• _TASK ITEM_: What is needed is the full listing written out exactly, minus the pictures.

• _DATA SECTION_:
************

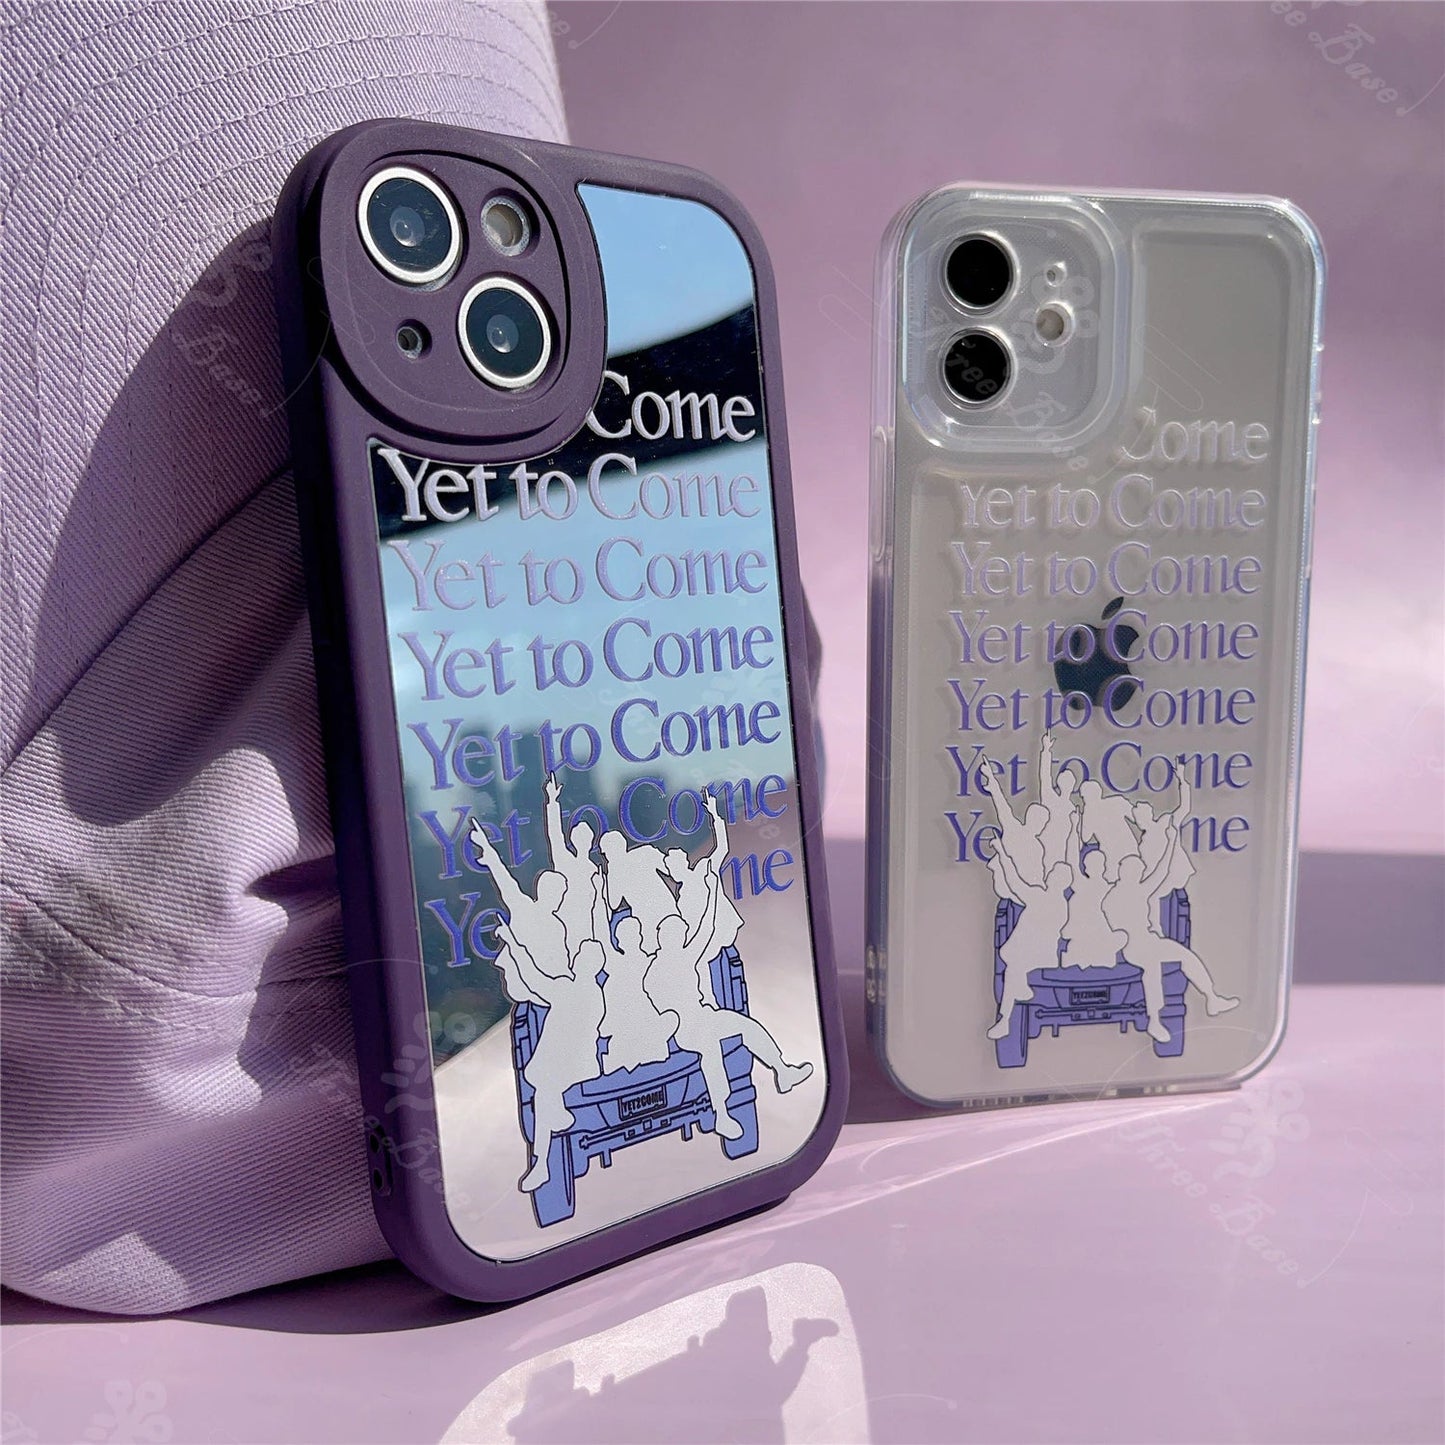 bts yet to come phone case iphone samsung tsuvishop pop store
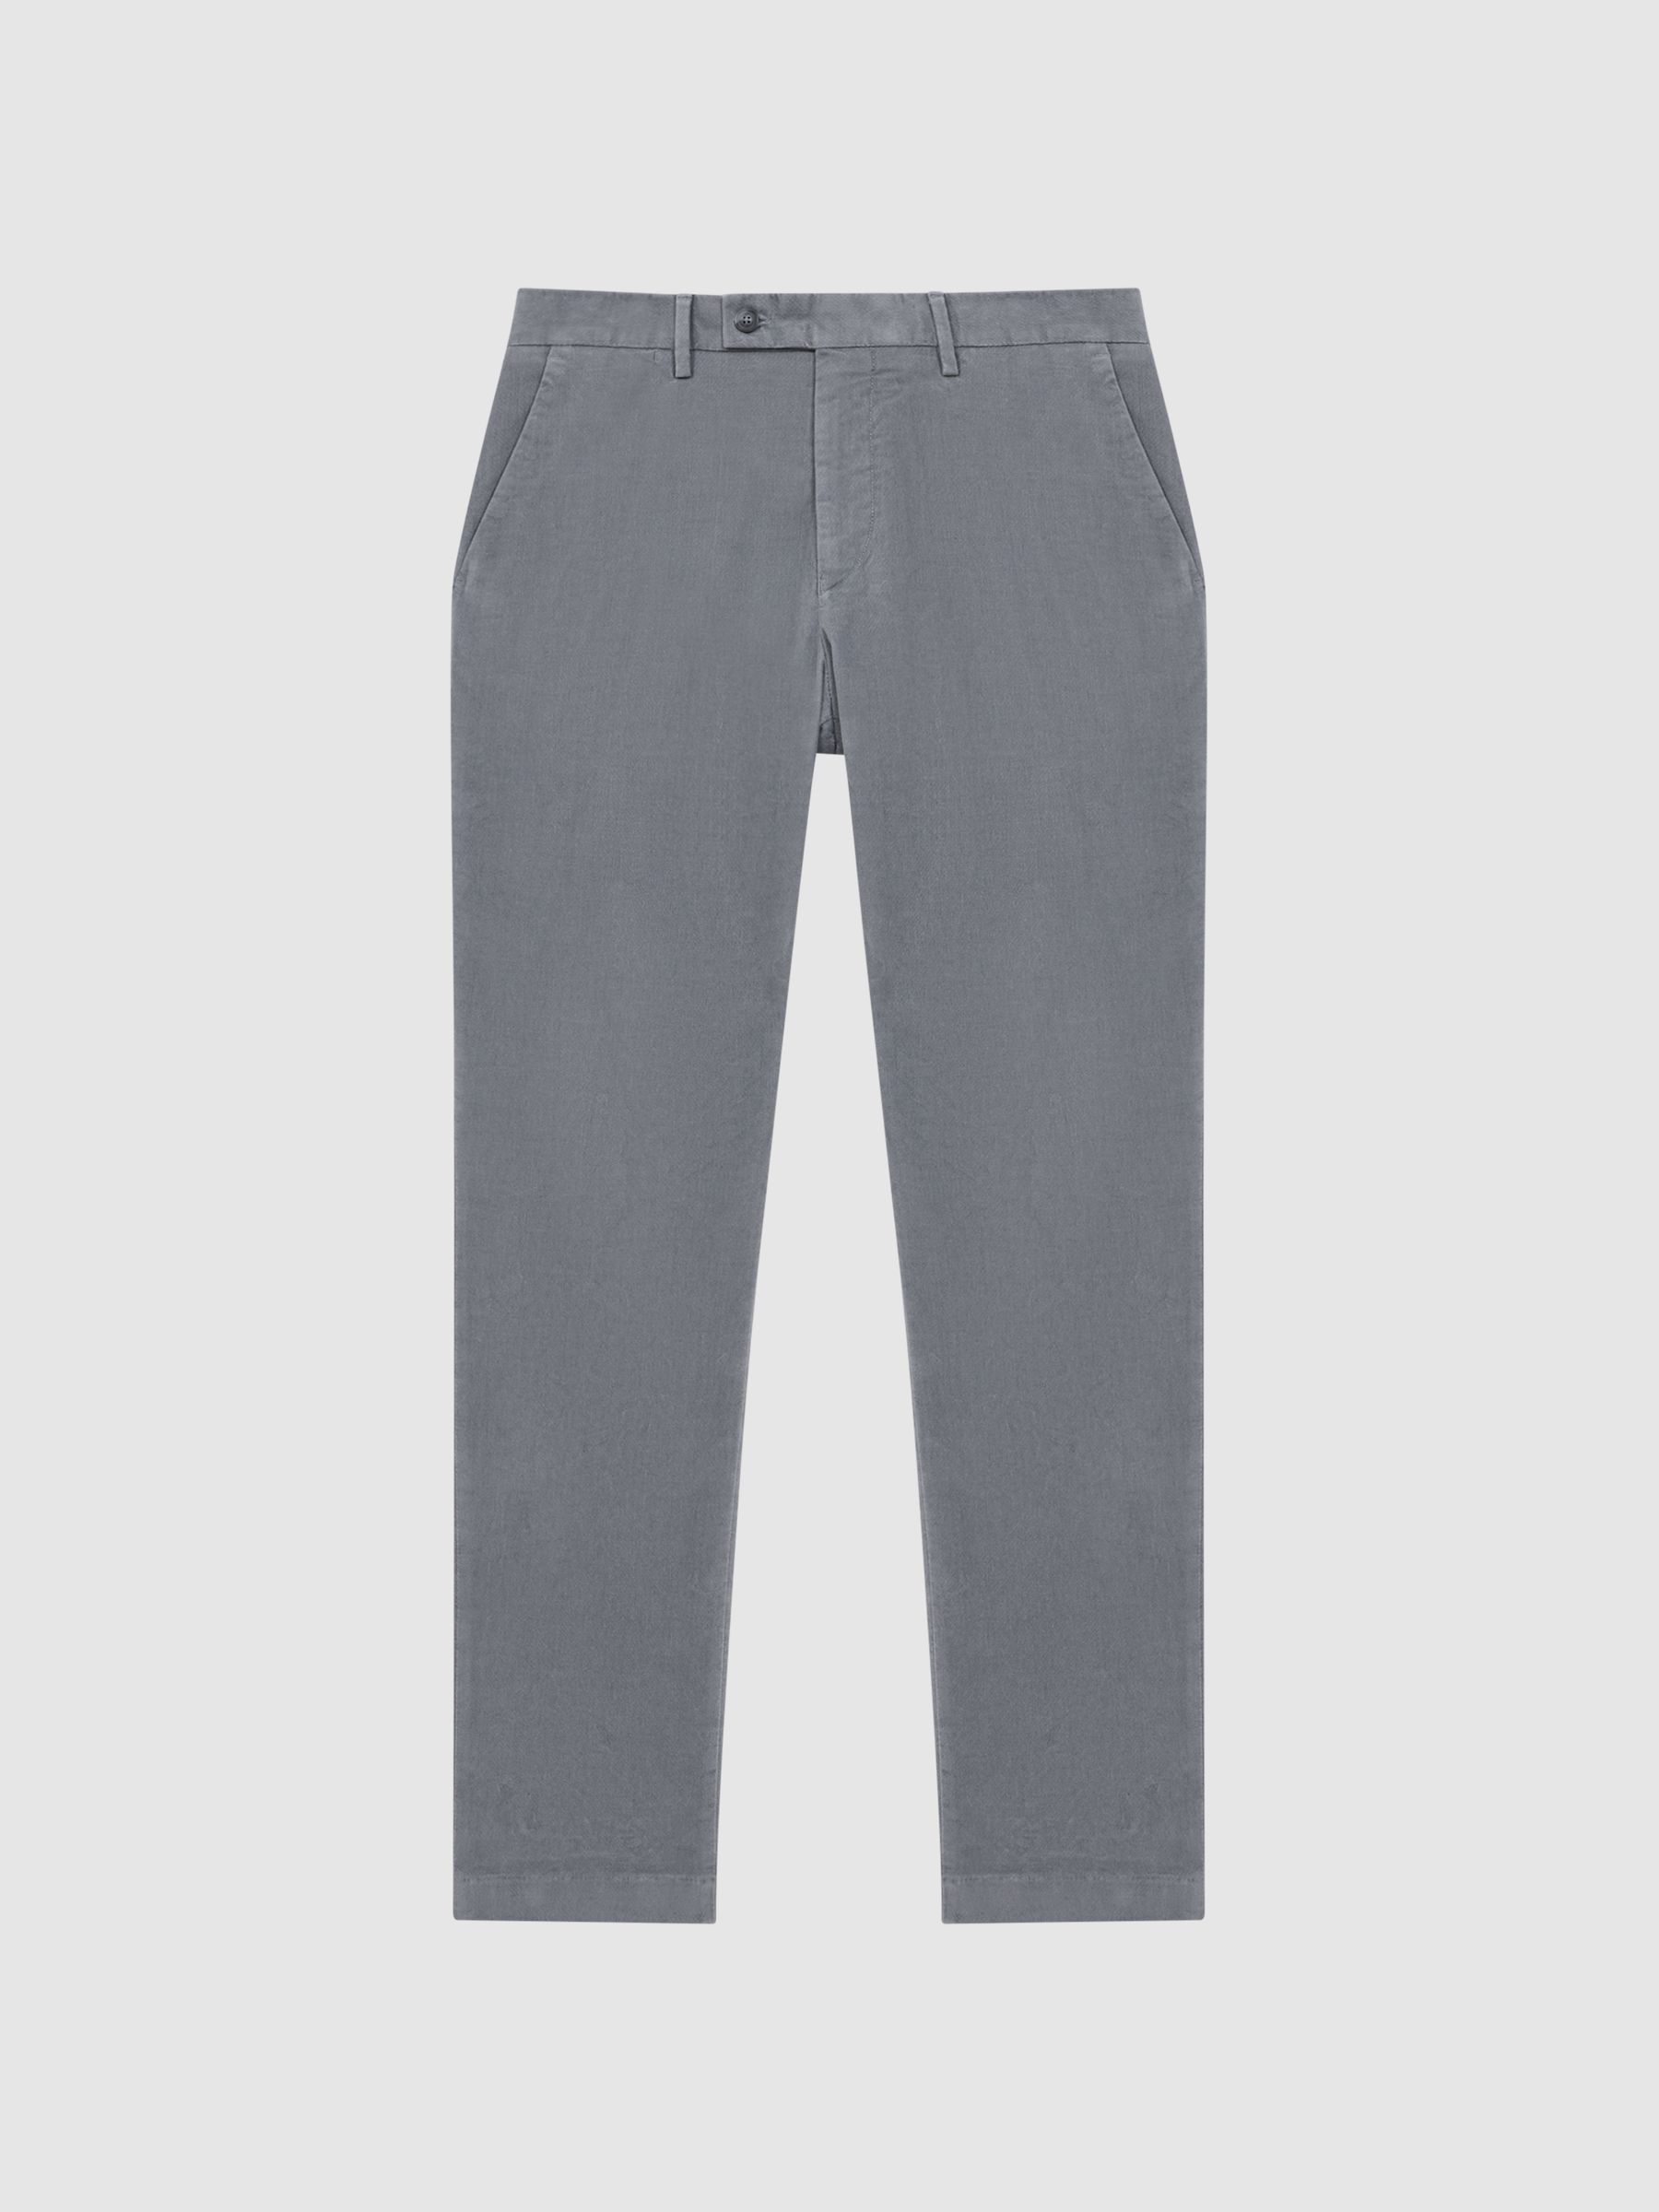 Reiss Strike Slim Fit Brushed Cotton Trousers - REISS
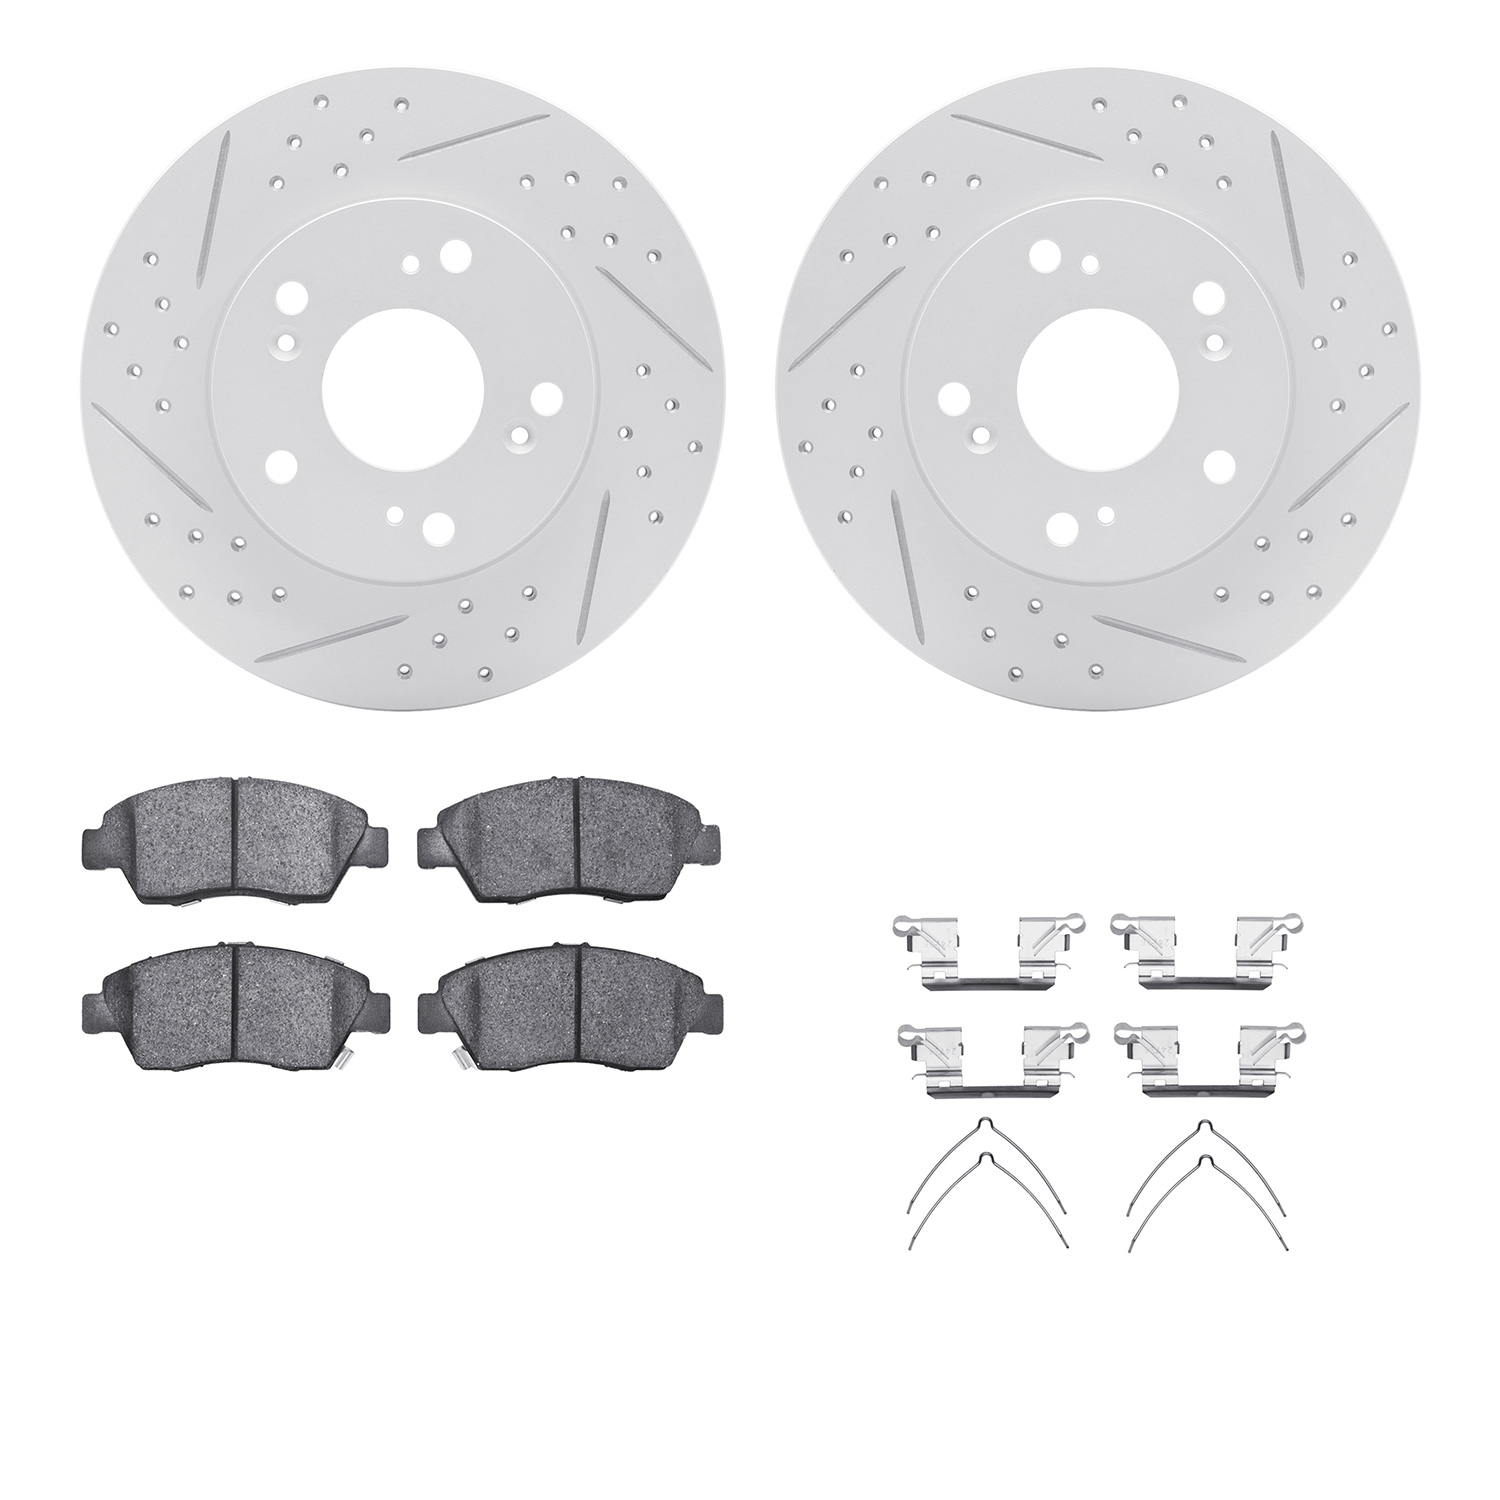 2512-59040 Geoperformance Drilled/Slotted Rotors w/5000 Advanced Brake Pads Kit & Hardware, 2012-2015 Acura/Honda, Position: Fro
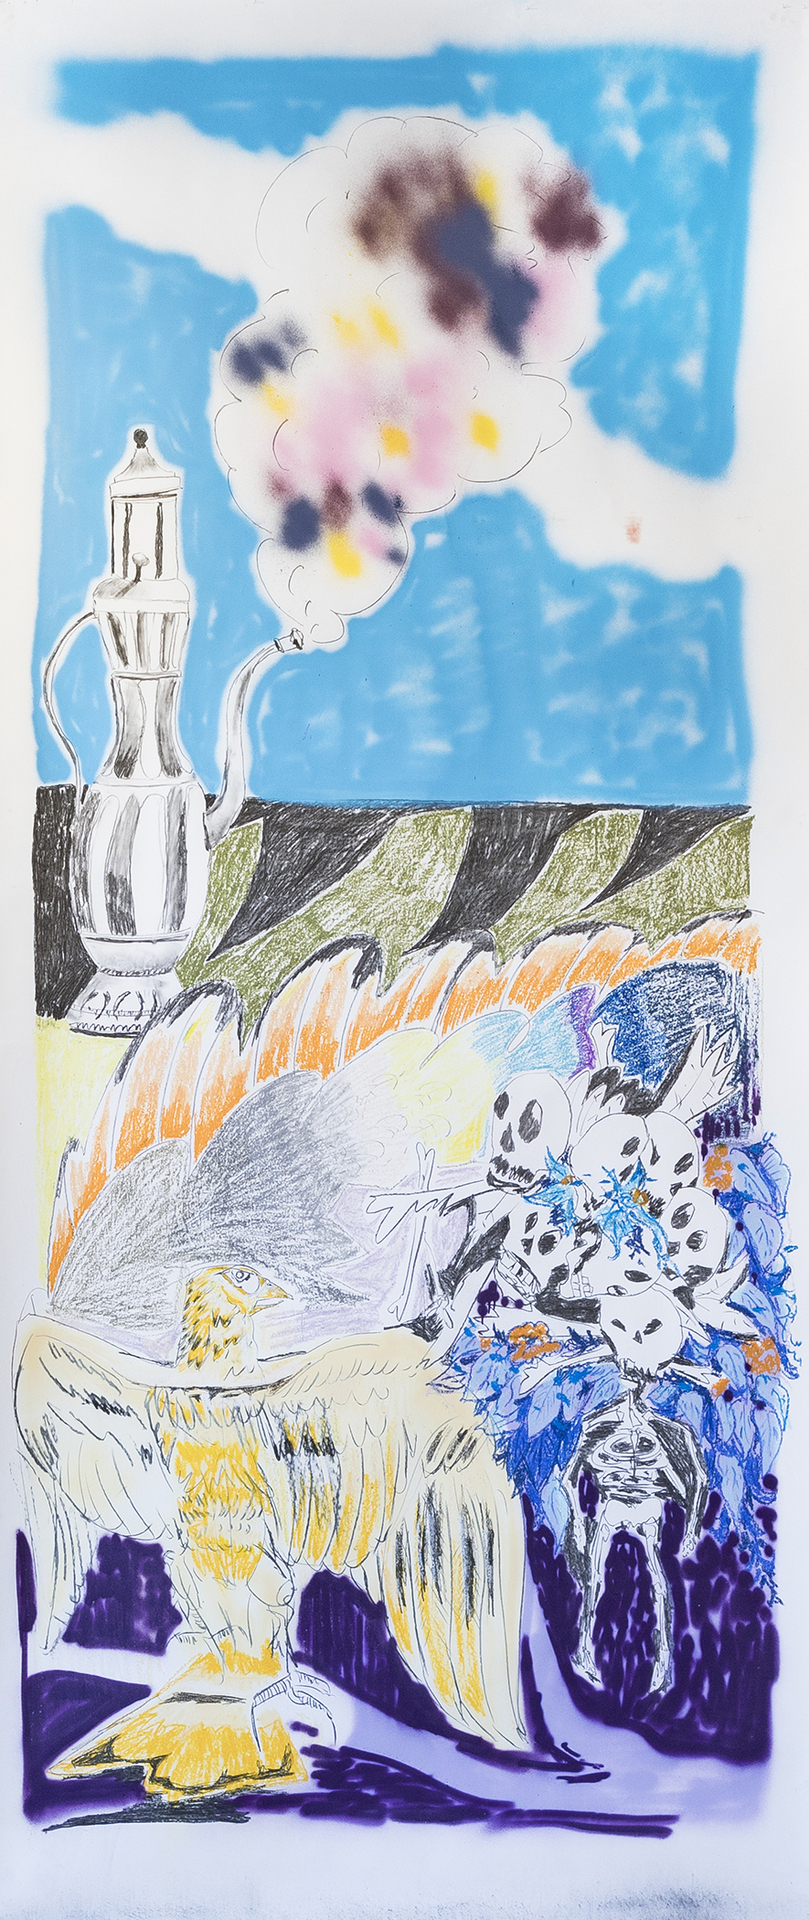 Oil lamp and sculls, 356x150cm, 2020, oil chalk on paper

************

• _WRITTEN ANSWER_:
 bts yet to come phone case iphone samsung tsuvishop pop store
 Reiss Strike Slim Fit Brushed Cotton Trousers - REISS
 2512-59040 Geoperformance Drilled/Slotted Rotors w/5000 Advanced Brake Pads Kit & Hardware, 2012-2015 Acura/Honda, Position: Fro
 Oil lamp and sculls, 356x150cm, 2020, oil chalk on paper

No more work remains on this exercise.